Thanks to the end of daylight savings time, the day has turned dark already even though it’s only a little after five. Despite the shortened day, streetlights reflecting off the snow give the town a cozy ambience. I pull onto Hurley’s street, park the hearse in front of his house, and take a moment to check out the neighborhood. It’s an older area of town with towering oaks and well-preserved homes, most of which are close to a century in age. This is no cookie-cutter neighborhood either; the variety of styles among the houses is eclectic. Towering Victorians are sprinkled amidst Cape Cods, Italianates, Craftsmans, and Tudors.

Hurley’s house is one of the Craftsmans in the neighborhood and the front porch, with its tapered stone columns, reflects that. The door is a classic fit for the style: a heavy wooden affair with dentil molding and a stained-glass window at the top. I’m about to push the doorbell when the door opens.

“Come on in,” Hurley says.
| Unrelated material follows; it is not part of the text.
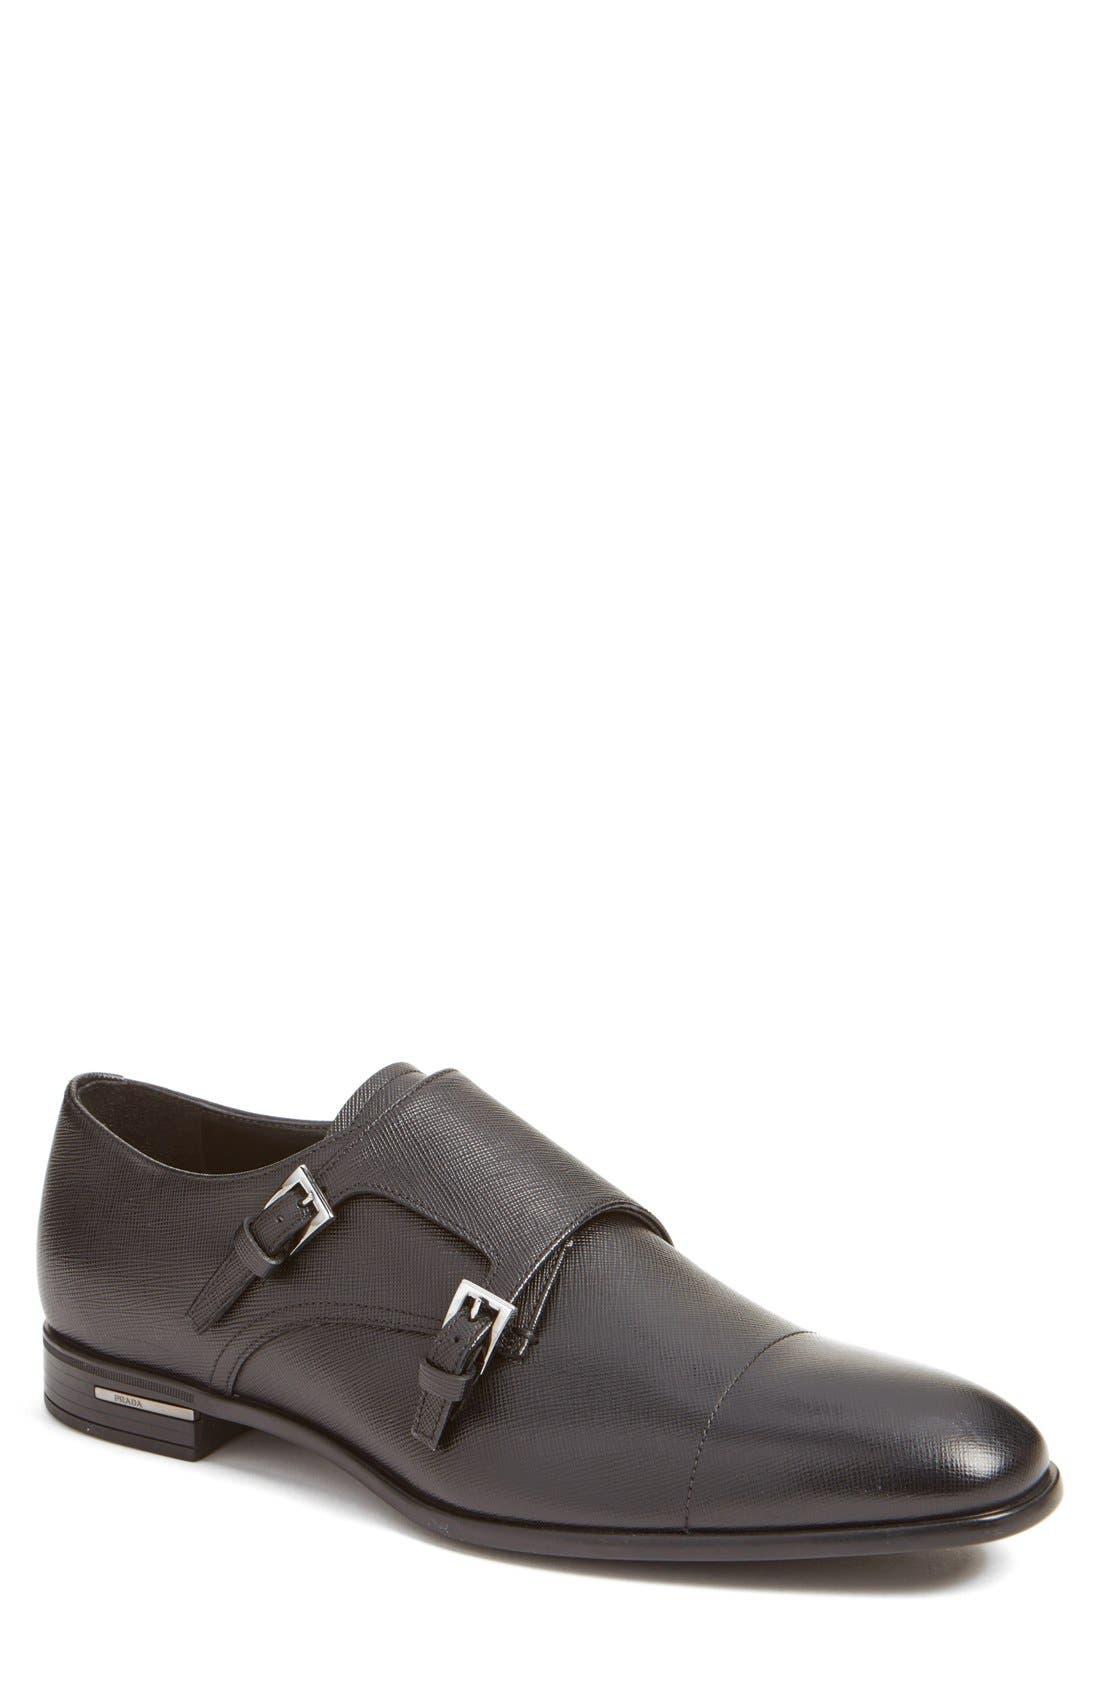 PRADA Double Monk Strap Shoe, Main, color, NERO LEATHER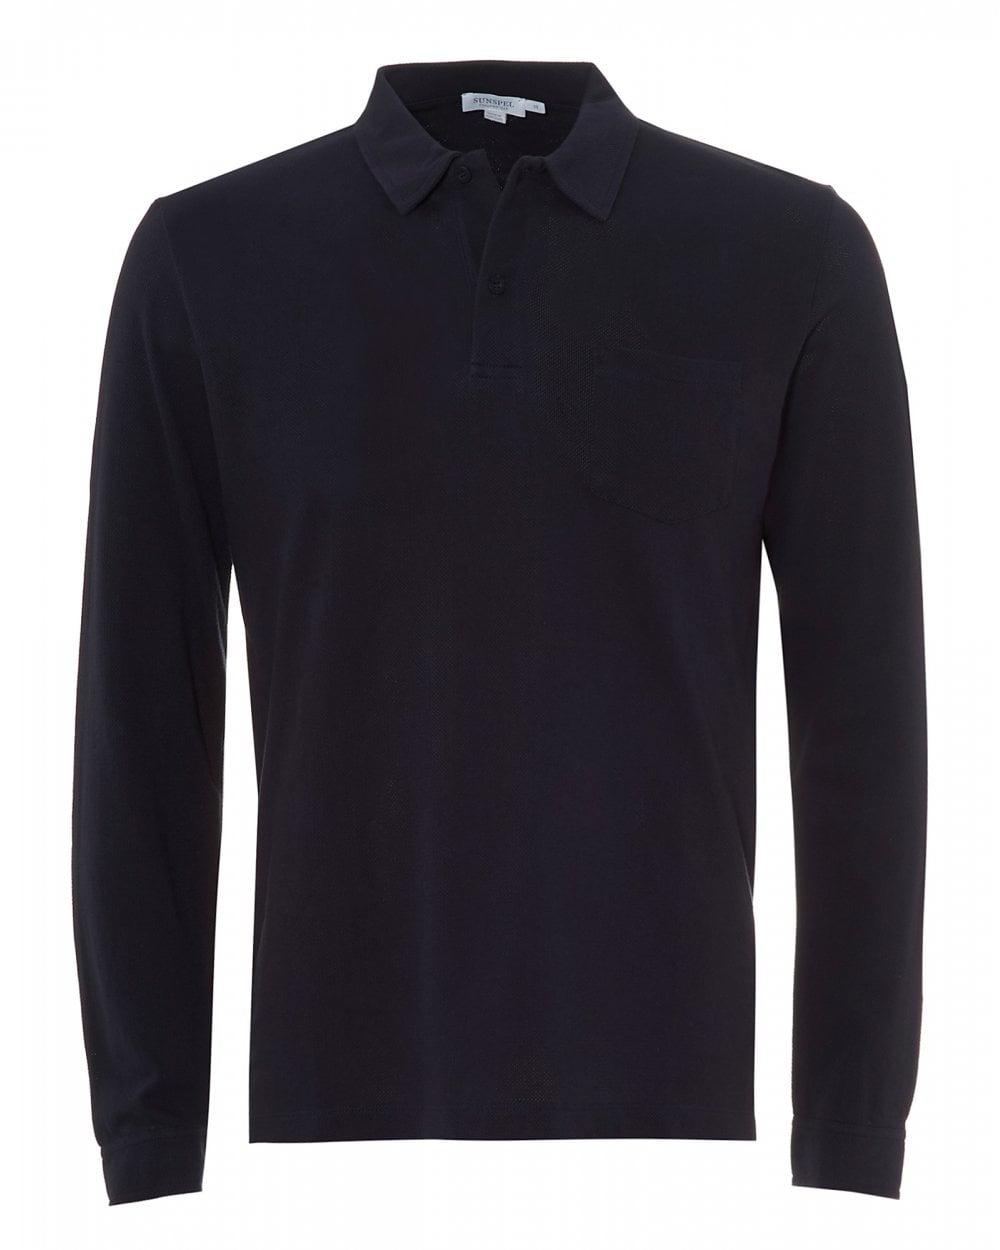 6736f9f8ab9 Sunspel Mens Cotton Riviera Polo Shirt

He looks past me to the curb, sees the hearse, and shakes his head. “You might as well have flashing neon signs on that thing, as subtle as it is.”

“Hey, you helped me pick it out so no fair dissing it now.”

“I know, I know. It’s a sound vehicle and given the price you didn’t have much of a choice. It’s just not very . . . aesthetically pleasing.”

I step into a foyer with beautiful wood wainscoting and dark, hardwood floors. There is a stairway on the left leading to the second floor, bordered by a rail and newel post that are both done in a classic Arts and Crafts design. Straight ahead is a hallway that ends in a kitchen; to my right is a living room. There is a delicious, spicy smell in the air that makes my stomach growl. Then I realize that the only thing I’ve eaten today is the one slice of pizza Richmond was willing to share.

As Hurley closes the door behind me, I undo my coat and shrug it off my shoulders. He takes it and hangs it in a coat closet beneath the stairs.

“Have you eaten?” Hurley asks me.

“Not since lunch. Something smells really good. Did you cook?”

“I did. Homemade lasagna and garlic bread, but it’s not quite ready.”

Hurley’s sexy quotient has just leaped several notches. A man that looks as good as he does, kisses as good as he does, and cooks, too . . . hell, that’s hitting the bell at the top of the carnival high striker game to me, especially since my idea of a home prepared meal is when I eat my food off of a real plate instead of the to-go container it came in.

“How about a glass of wine?” he offers.

I nod, thinking this is a good sign. Maybe he wants to get me relaxed and a little loose so we can pursue our relationship further. Then I think maybe he just wants to get me relaxed so I won’t freak out when he dumps me.